As part of my Jewel-Withy project I am running a series of collaborative intergenerational live projects. The first began in June with Cornwall College media and photography staff and their students! They were tasked to begin a collection of films and photography to document the critically endangered craft and heritage of Withy pot making and I couldn't have asked for a better experience! (Just a little warning, I do mention the weather quite alot! Hehe).
We visited 6 different locations in the South West of England. The first was the Lizard, Cornwall where we met with active Withy pot maker Nigel Legge, who's pots have been seen on television in popular programmes such as Poldark!

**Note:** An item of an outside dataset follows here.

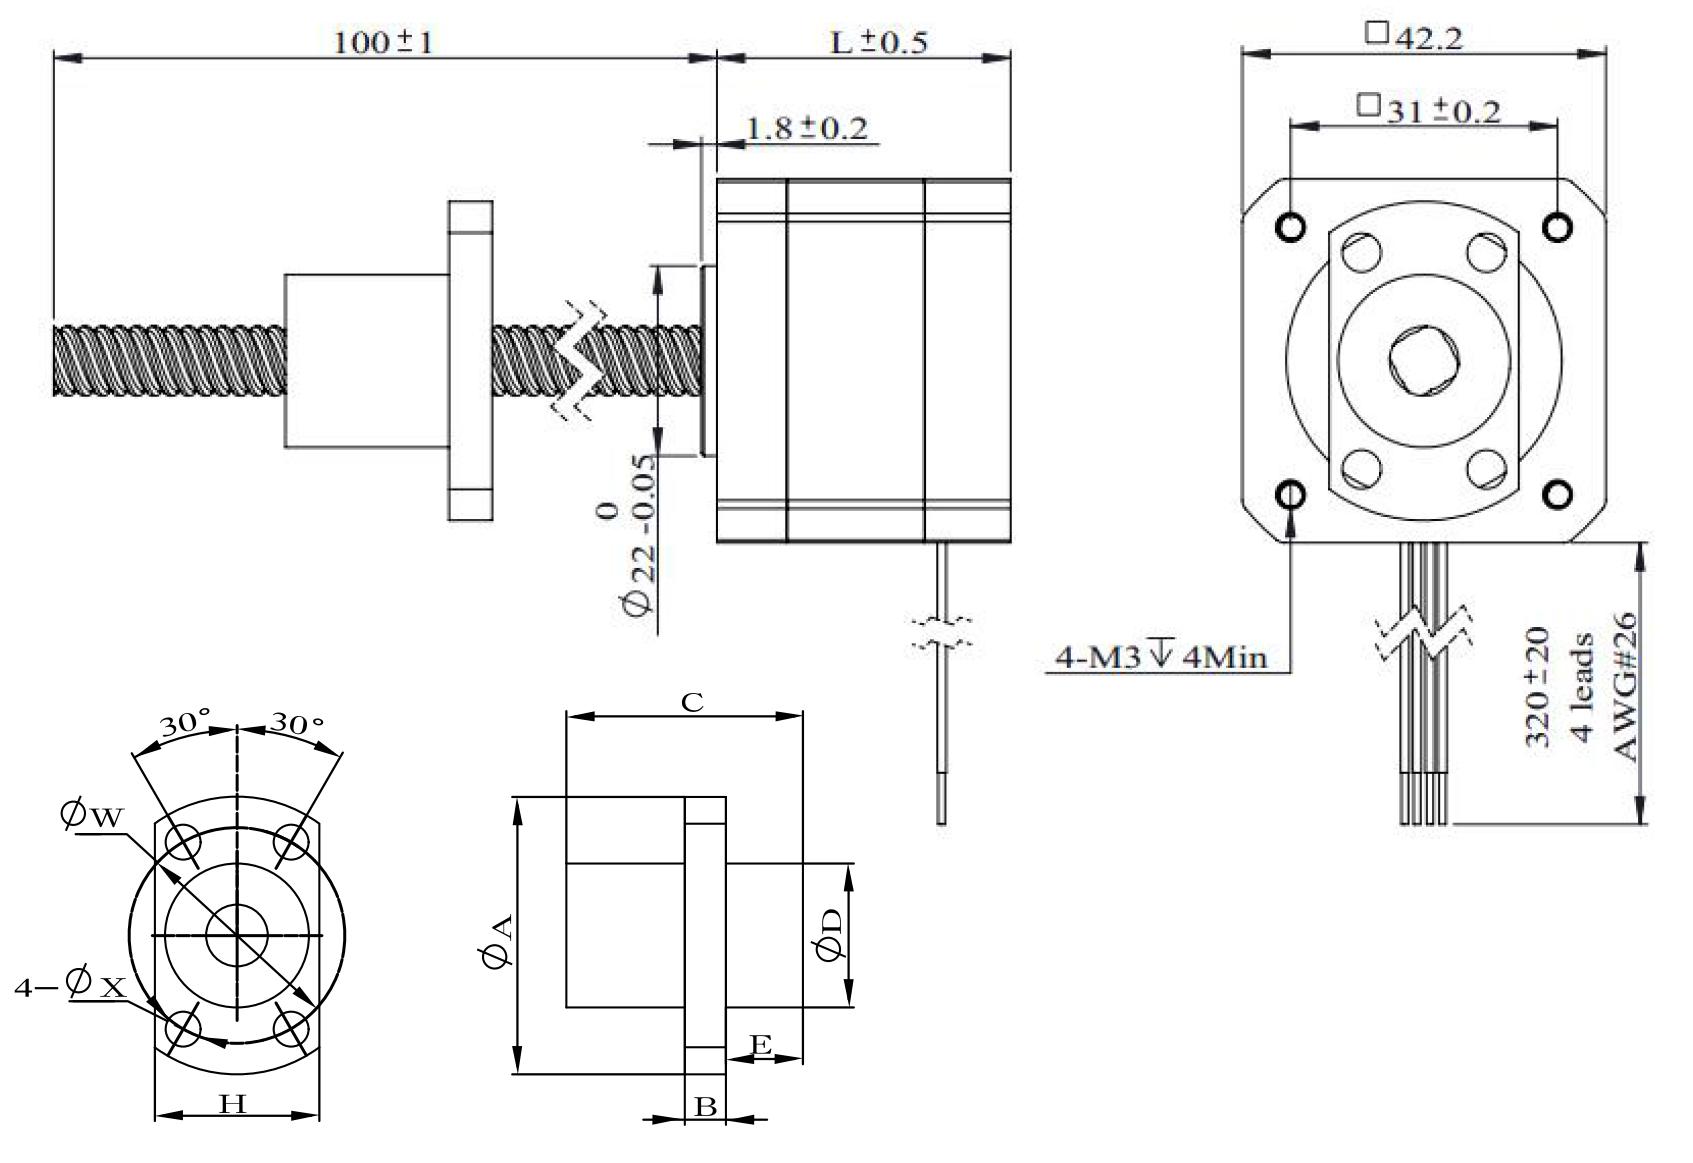 NEMA 17 Ball Screw Actuator Drawing

One of the first things I noticed when we entered his workshop was the beautiful scent of willow! (I wish I could share this with you somehow!). This was because Nigel was in the process of making a pot he had kindly agreed to demonstrate for us to film. He had said he was working on an order to make a collection of pots to be used as props for t.v.! So keep your eyes peeled!

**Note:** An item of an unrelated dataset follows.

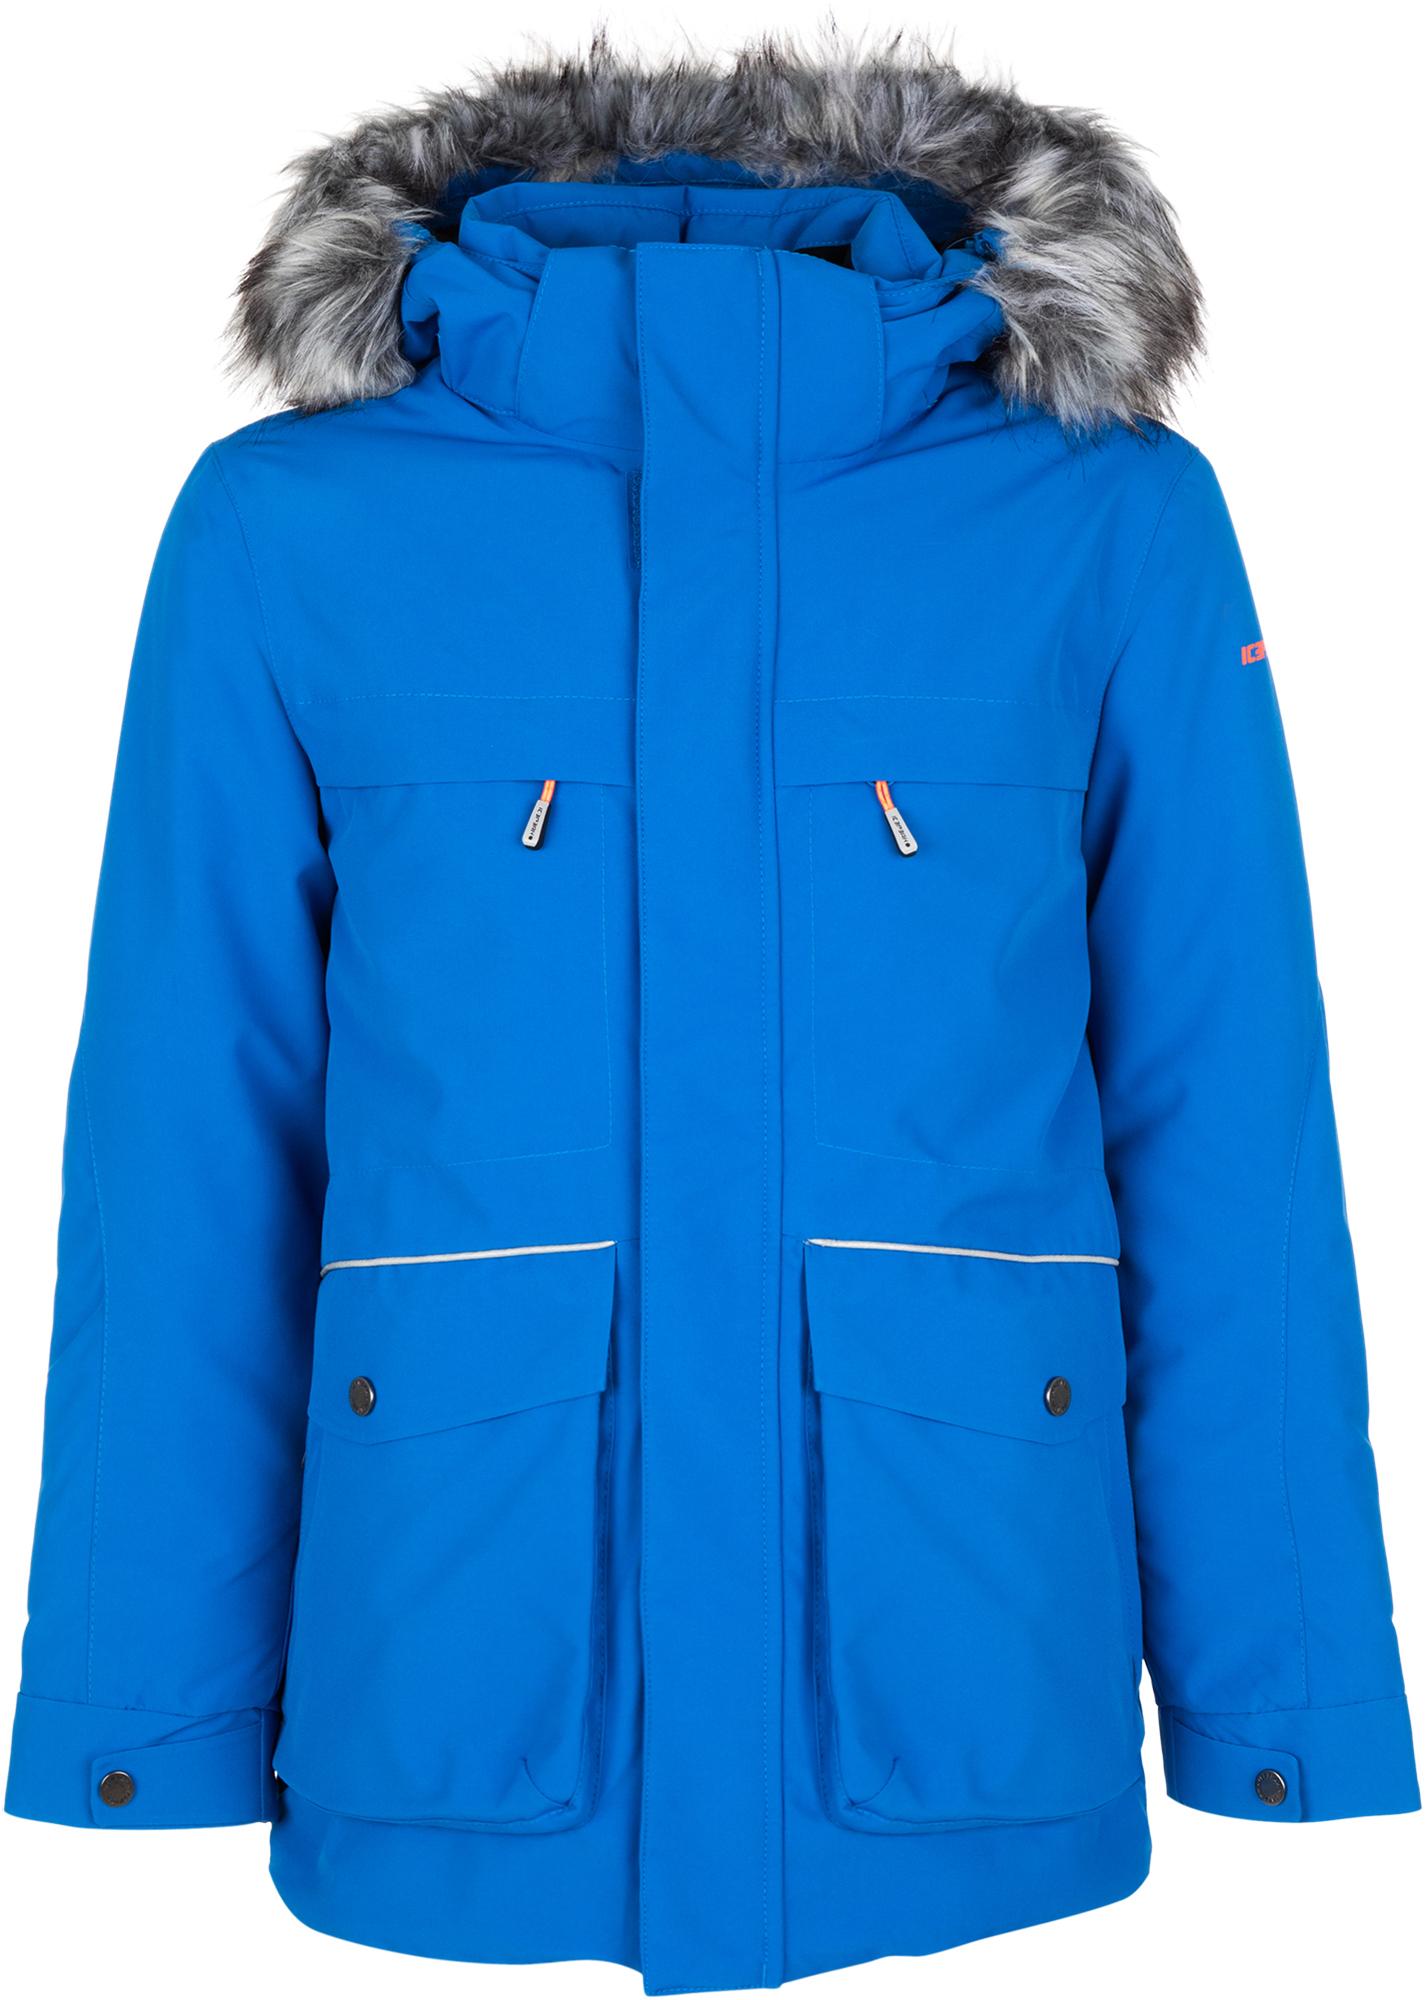 IcePeak Куртка утепленная для мальчиков Keo JR, размер 176

As he was doing this he also discussed the craft and his heritage whilst some of the team were outside on probably one of the sunniest days photographing tools and pots! Probably not the best conditions for taking photos, but I guess it's better than rain.

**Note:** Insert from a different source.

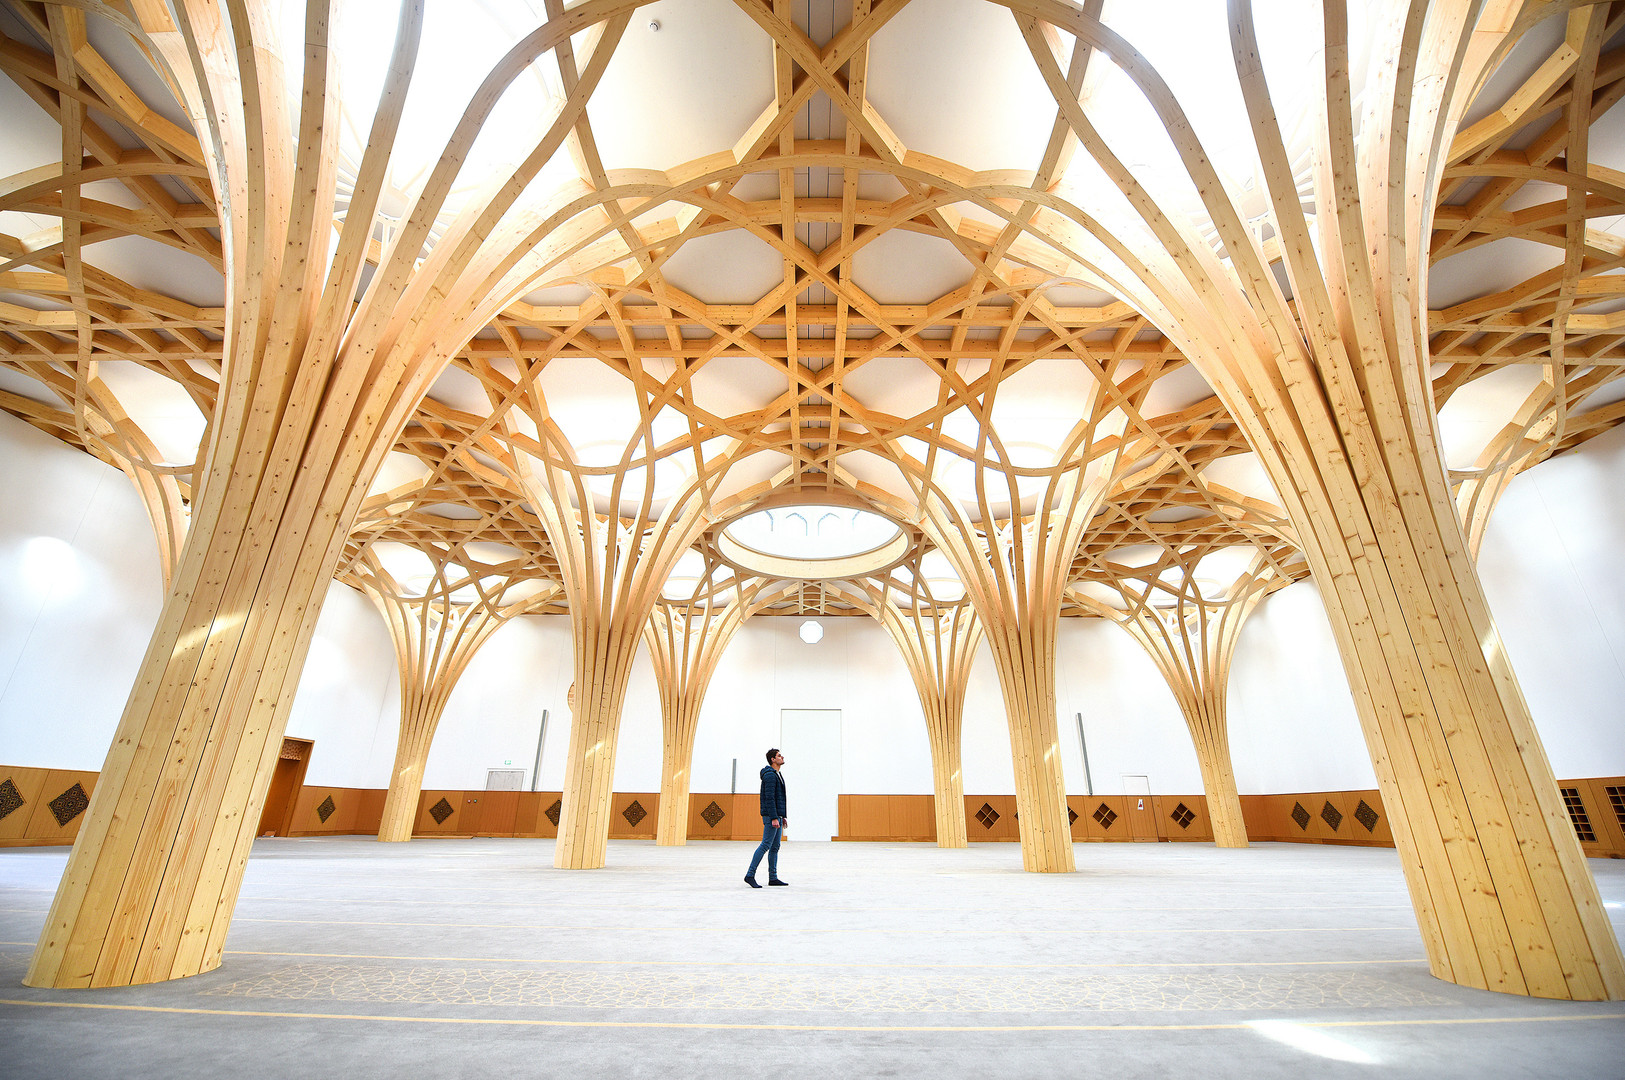 New mosque in Cambridge

Once we were almost done Nigel surprised us all with a live lobster!
Day 2 of filming was in the beautiful cove my children's grandad was from, Penberth!
We met with his sister Kathi and retired Withy pot maker Robert George to hear their stories accompanied by family photos and had a guided tour of the cove.
One of Nigel's pots left behind from what's thought to have been a Poldark set, can still be seen near the water!
..and we also learnt that the Robert George's pot we were photographing was made for Penberth Plants to display at the Chelsea Flower Show and they won gold! Yippee!
Day 3 we visited active Withy pot maker David French in his home town of Budleigh Salterton. The weather was looking a little soggy on the way up there! but luck was on our side, it stayed dry and didn't get too hot and sunny either, which David was particularly thankful for! Otherwise his willow could have dried out too quickly! So the right kind of clouds were about on the day :D
He chose to make his pot in the same spot his family had been making them throughout the generations and his uncle who had taught him the craft, was also there!
David had a few people stop to watch and have a little chat, two people stayed from start to finish. This was a father and daughter who travelled there especially to see the pot being made and when it was finished her father gifted it to her for her birthday!
Day 4 we ventured not so far from home, to the cornish village of Porthleven. We arrived at basket maker Geraldine Jones' Salt Cellar Studio and met with Tom Chambers and his father 91 year old George Chambers.
This was the first time I have seen Tamarisk being used to make part of a pot, they use this material for the base as it is very strong and can withstand the rough and tumble it recieves when it's doing its job in the sea. They have had rights to gather Tamarisk from locations in Cornwall for generations and even used to source their willow from the village I live in, Ashton.
Tom demonstrated how to make various sections of their style of pot and George who only makes one pot a year now, got up and made a bit too! We learnt so much and loved hearing their knowledge and stories.
Tom and George had sourced their willow for our visit from Geraldine and we were kindly invited to visit her garden where we captured lots of lovely shots of the trees. She shared a very clever piece of music created by PlantsUtopia for a project called Sounds of the Plants. They capture sounds created from the plants using very sensitive microphones! It's amazing! I will try and figure out how to share a piece of this with you very soon! For now though if you are on Facebook check out @soundsoftheplants
We also managed to sneak in a trip to Cadgwith Cove, where we visited Nigel Legge's artist studio and boat! What a beautiful place to work!
Day 5 we were in Hope Cove where we saw active Withy pot maker Sue Morgan and her husband David Morgan who is a local fisherman. Sue demonstrated and discussed the Hope Cove style of pot which has a beautiful plaited base and David showed us his collection of pots which demonstrate really well how the pot has evolved over time.
Day 6 we were in Helford, Cornwall and met with Rob Edlin who took up the craft fairly recently on the side of his job in I.T. He has a very strong interest in sustainable living and regularly forages with his wife, most recently for mushrooms, which is something I would love to try, but I'm very likely to pick the wrong sort!
Anyway back onto the subject of Withy pots...he was taught the craft by local makers and has built up good relationships with the local fishing community, including Nigel Legge. He eats his catch and is always looking for ways to make his hobby as kind to the environment as possible, including introducing natural rope and glass floats. He highly recommends anyone interested to give it a try!
A fellow fisherman took some of the college team and myself out on his boat whilst Rob went out on his with the drone man! If you look closely at the first photo you might see him hiding :D
He pulled up his pot and to his delight it wasn't empty! Not a bad way to end the trip eh! Oh and the sun was shining too! Happy days :)
We are now in the process of editing the films and photography and planning the next live projects! I am also creating a collection of jewellery in response to this research and will be sharing any updates via my blog and social media :) so please keep an eye out!
Thanks to everyone involved and thanks also for reading my blog, I hope you enjoyed it.